1.Dosya kapsamının birlikte değerlendirilmesiyle yapılan inceleme sonucunda, uyuşmazlığa uygulanması gereken hukuk kurallarına göre, davalı ...'nin tüm, davacının aşağıdaki bentlerin kapsamı dışında kalan ve yerinde olmayan sair temyiz itirazlarının reddi gerekir.

2. Davacı yan, dava dilekçesiyle, ... A.Ş. ile arasındaki sözleşmenin feshini, ödenen bedelden şimdilik 10.000,00 TL ile, dairenin süresinde teslim edilmemesinden dolayı 1.000,00 TL kira bedelinin davalılardan müştereken ve müteselsilen tahsilini, 20.000,00 TL manevi tazminata hükmedilmesine karar verilmesini talep etmiştir.
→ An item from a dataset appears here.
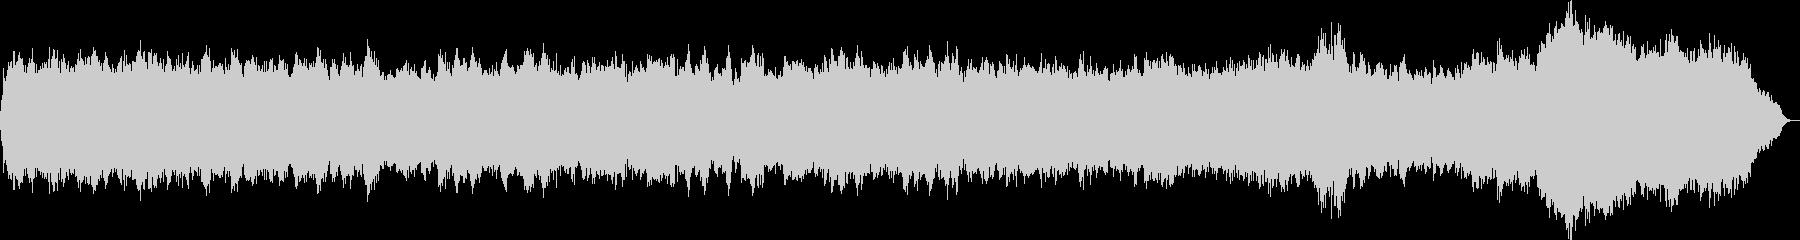 パイプオルガンのオリジナル教会音楽の未再生の波形
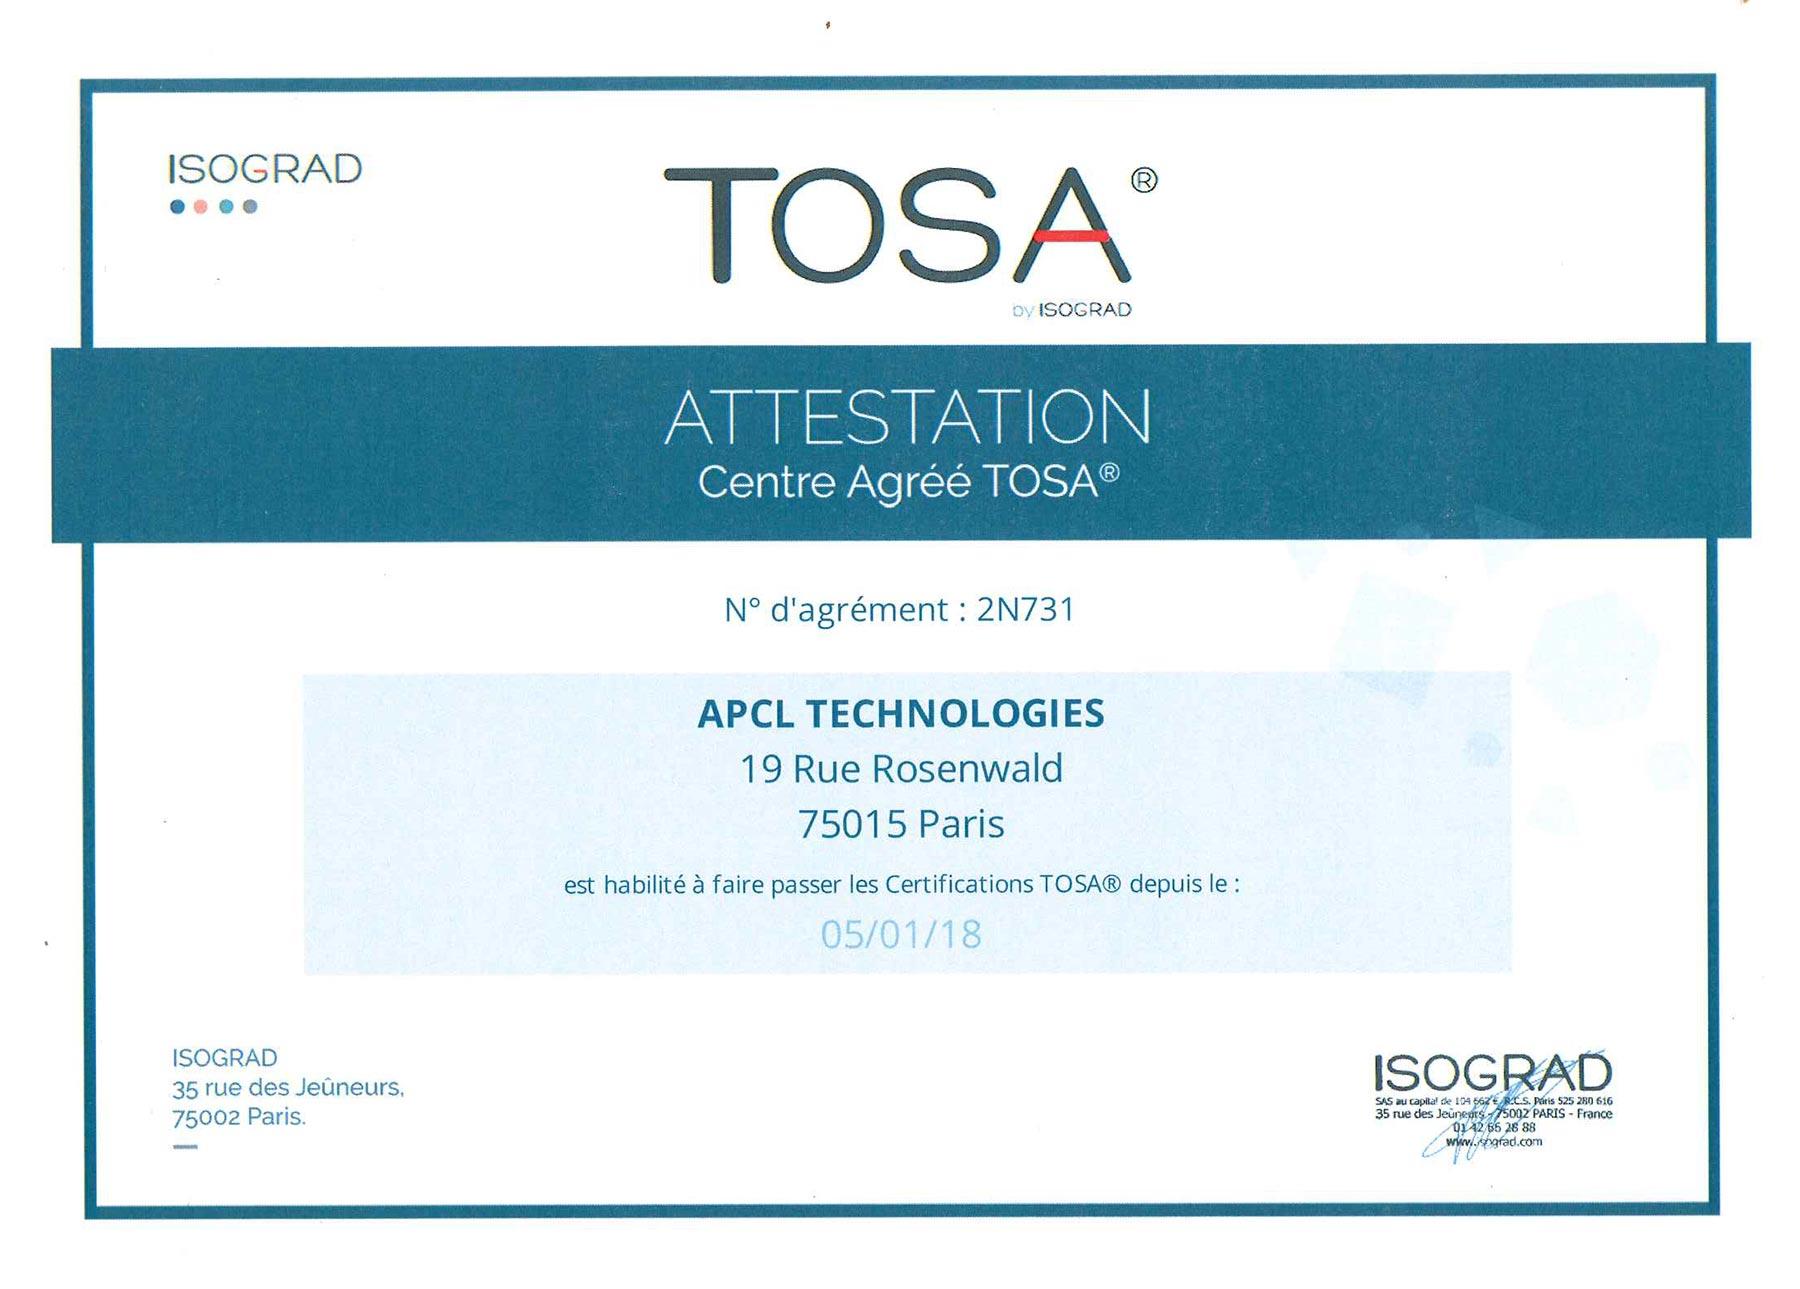 emploi avec la certification tosa sur cv

3.Mahkemece; davacı yanın dava dilekçesiyle 10.000,00 TL sözleşme kapsamında ödenen bedel, 1.000,00 TL kira tazminatı ile 20.00,00 TL manevi zarar talep edildiği, zamanaşımı süresinin 17/08/2011 tarihinden itibaren 10 yıl olup bu sürenin 17.08.2021 tarihi itibariyle dolduğu, sözleşme bedelinin dava tarihi itibariyle belirlenebilir olup sözleşme bedelinden 10.00,00 TL talep edilmekle buna ilişkin davanın kısmi dava niteliğinde olduğu, kısmi davada alacağın kalan bölümünün de talep edilen alacağa yönelik zamanaşımı ile sınırlı olduğu, davacı tarafça her ne kadar sözleşme bedelinden arta kalan kısım yönünden 02.09.2021 tarihinde ıslah dilekçesi sunmuş ise de; ıslah ile artırılan miktar yönünden zamanaşımı süresinin dolmuş olduğu ve davalı tarafından zamanaşımı itirazında bulunulduğu, bu nedenle zamanaşımına uğramayan dava dilekçesindeki talep yönünden karar verilmesi gerekçesiyle; davanın kısmen kabul kısmen reddine, davacı ile ... İnşaat Sanayi ve Ticaret A.Ş arasında düzenlenen sözleşmenin feshine, 10.000,00 TL sözleşme bedelinin dava tarihinden itibaren işleyecek yasal faiziyle birlikte davalılardan müştereken ve müteselsilen tahsili ile davacıya verilmesine, ıslah ile artırılan fazlaya ilişkin istemin reddine karar verilmiştir.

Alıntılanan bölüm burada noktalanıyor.